What is needed
The lines from the one containing "Arc 3D Mid Waist Boyfriend 7 8 Jeans" through the final line of the listing below are what the answer must repeat, exactly and only, leaving pictures out.

Source data

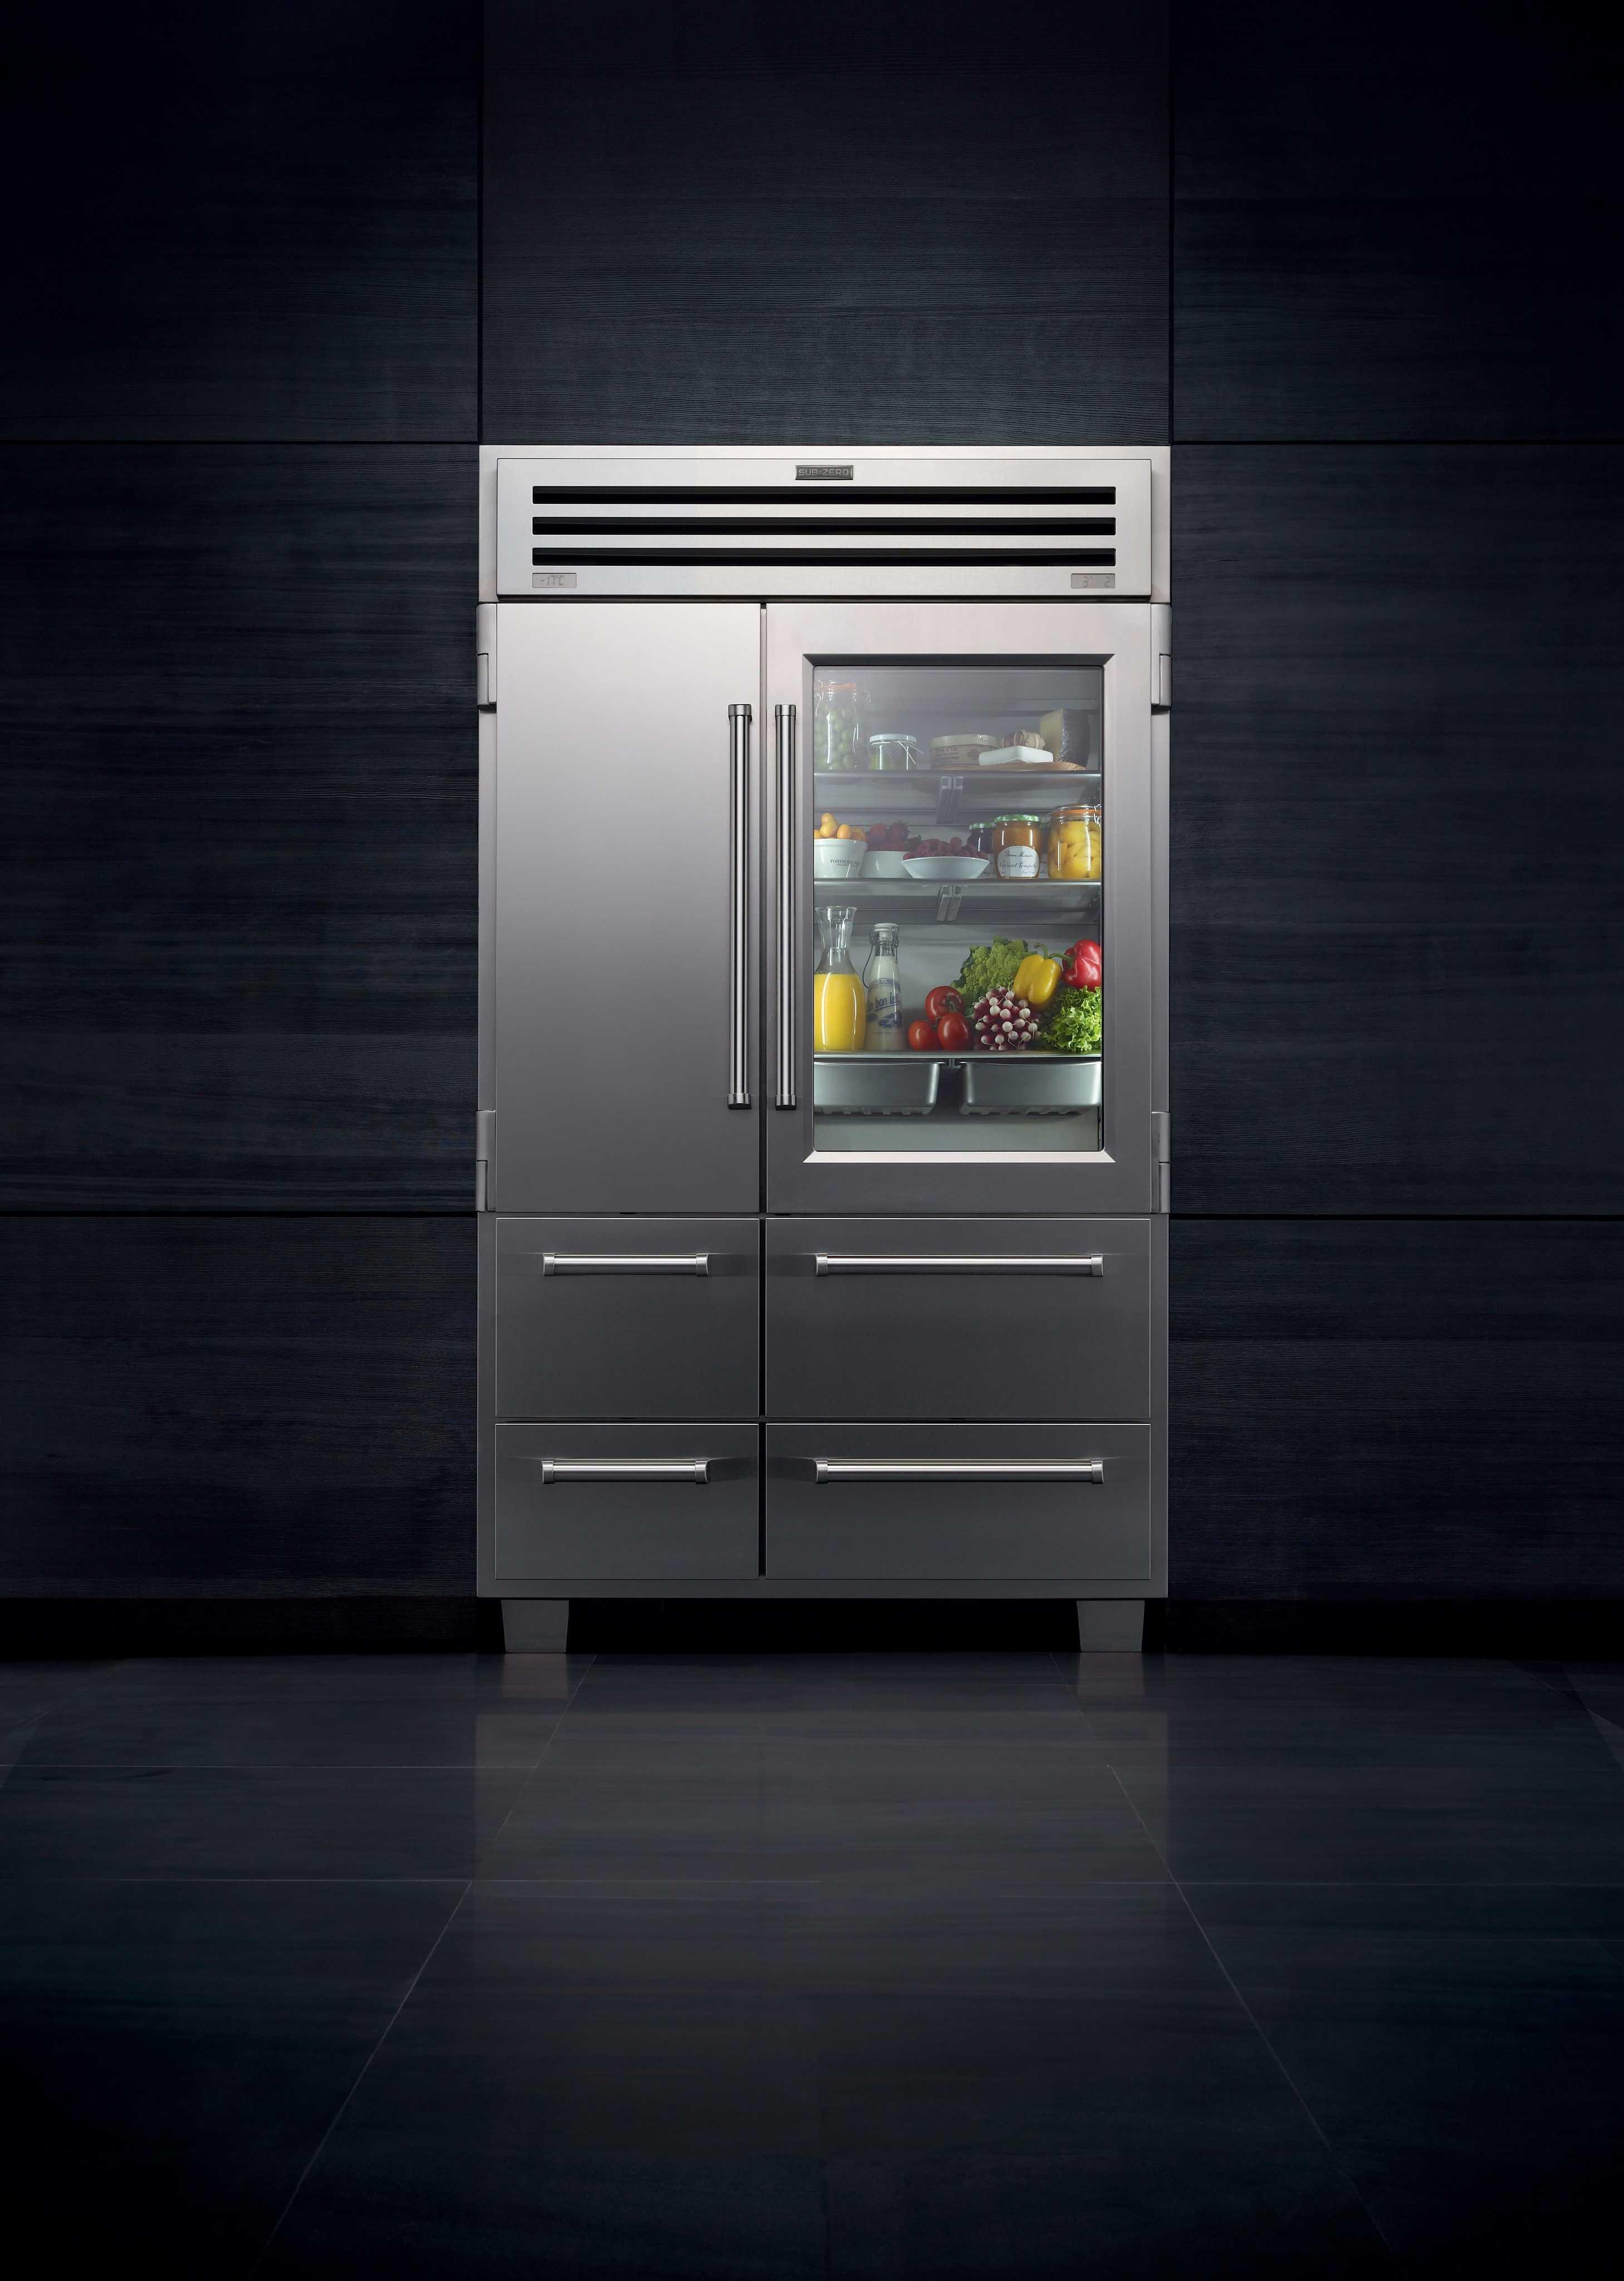 subzero pro 48 kühlgerät küche luxus kühlschrank
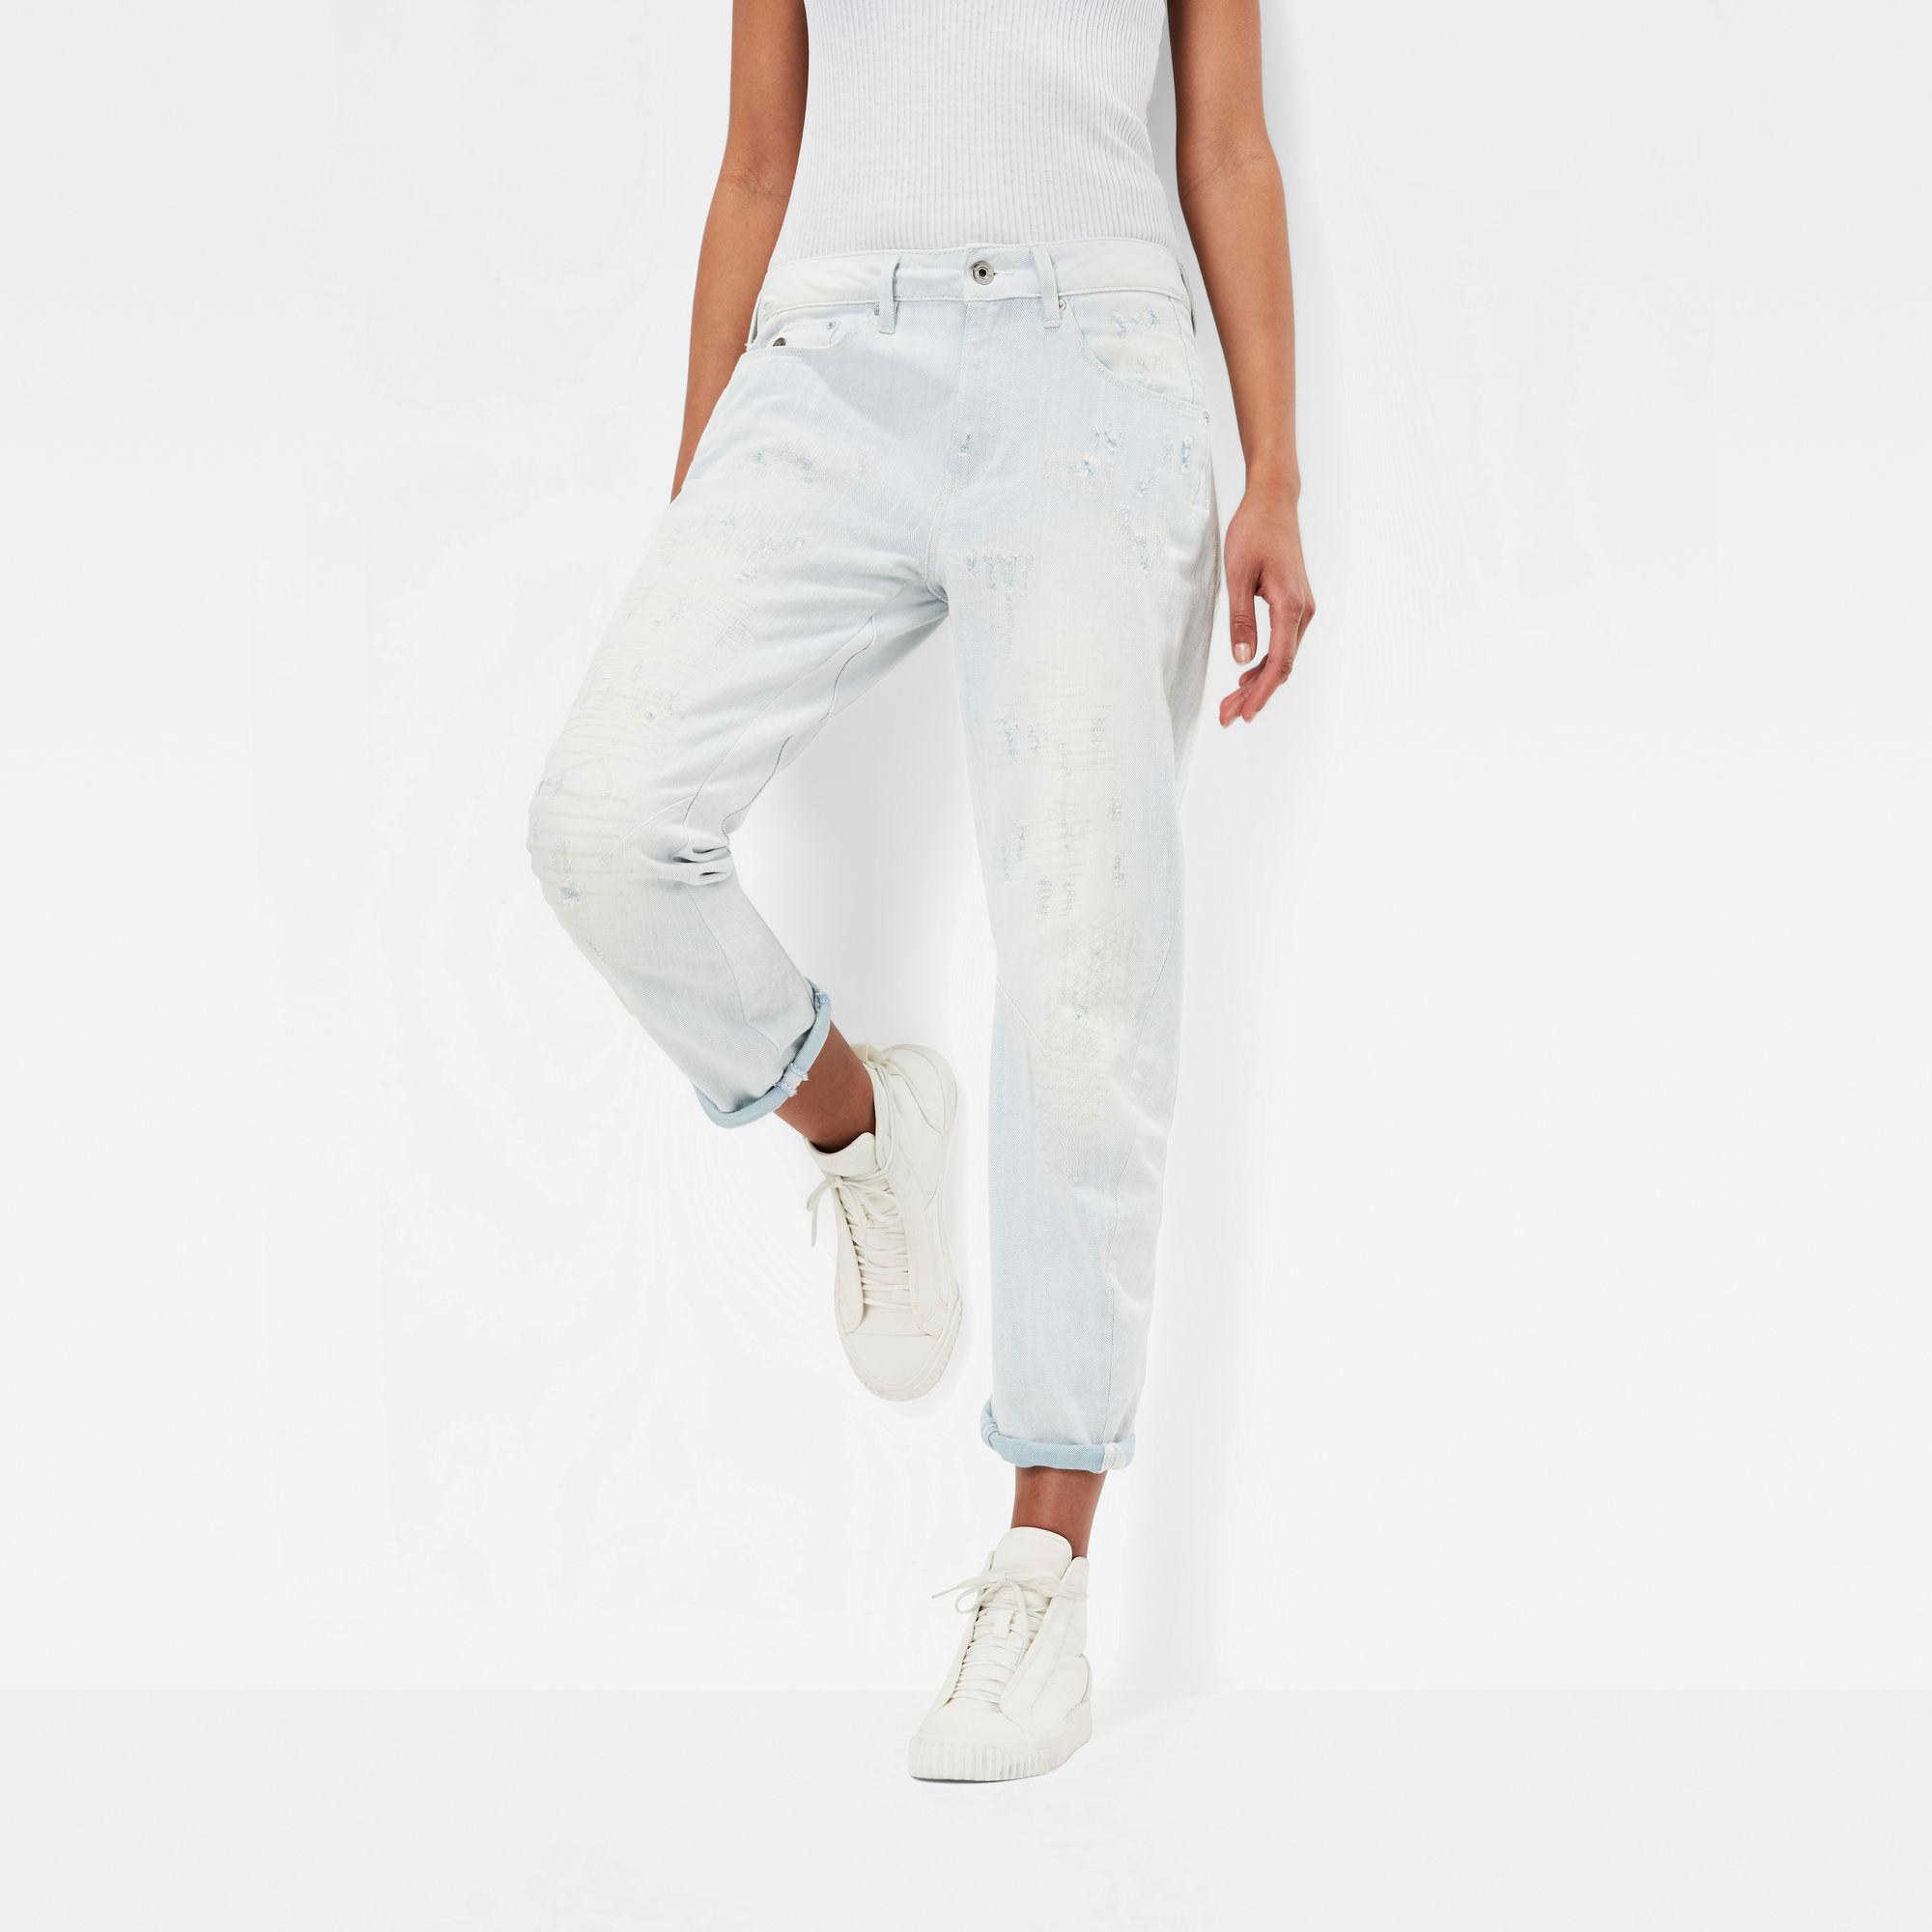 Arc 3D Mid Waist Boyfriend 7 8 Jeans
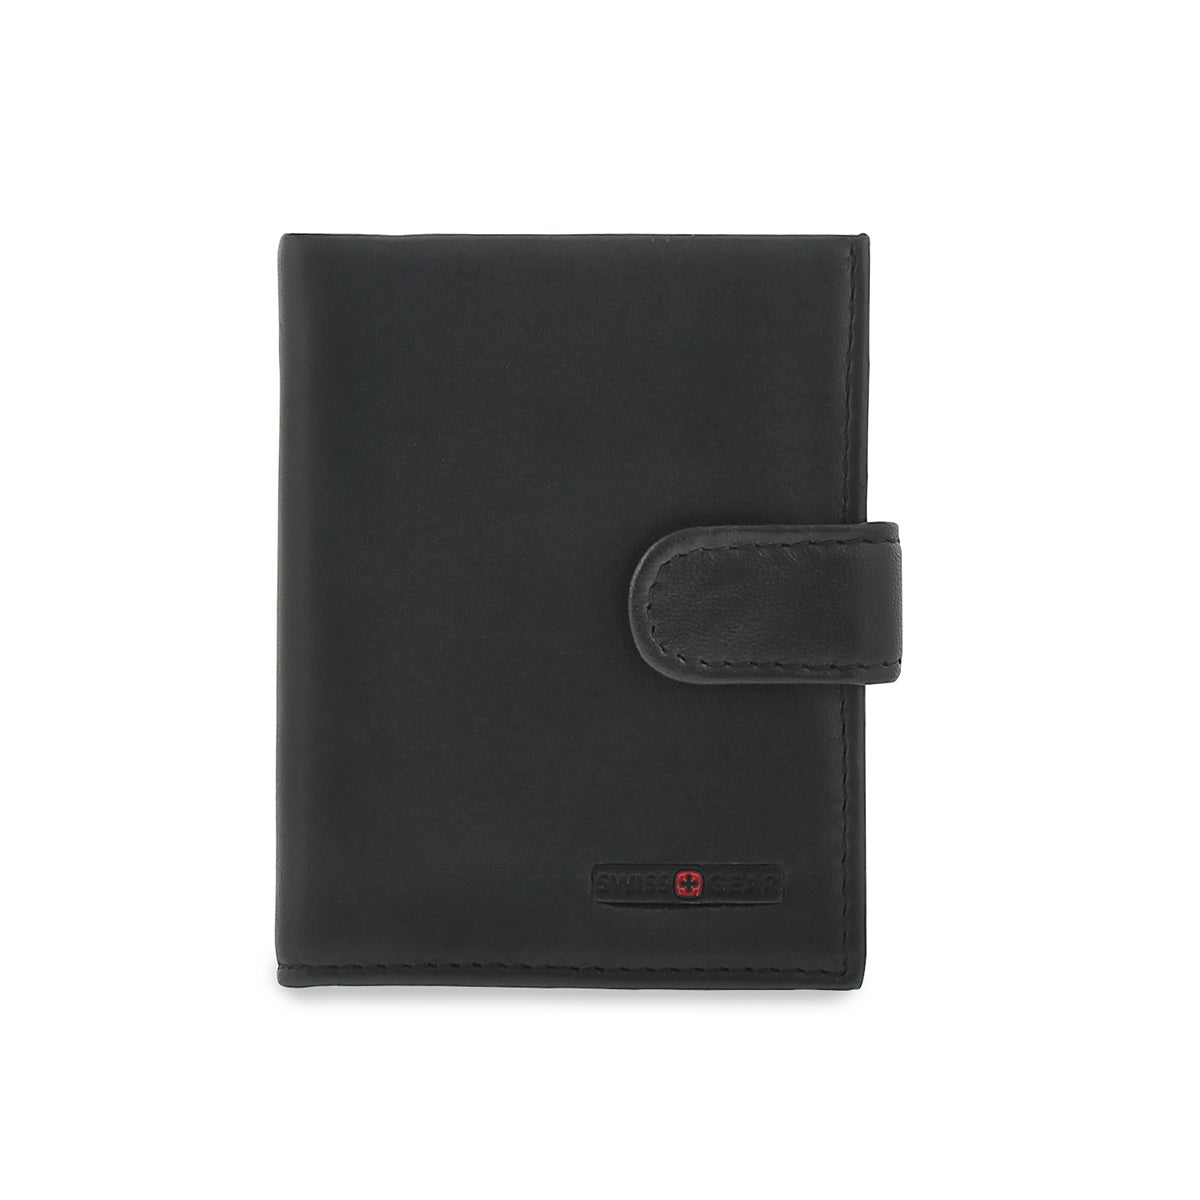 Porte-cartes � bouton-pression, noir, ho

Output for this task
 Arc 3D Mid Waist Boyfriend 7 8 Jeans
 Porte-cartes � bouton-pression, noir, ho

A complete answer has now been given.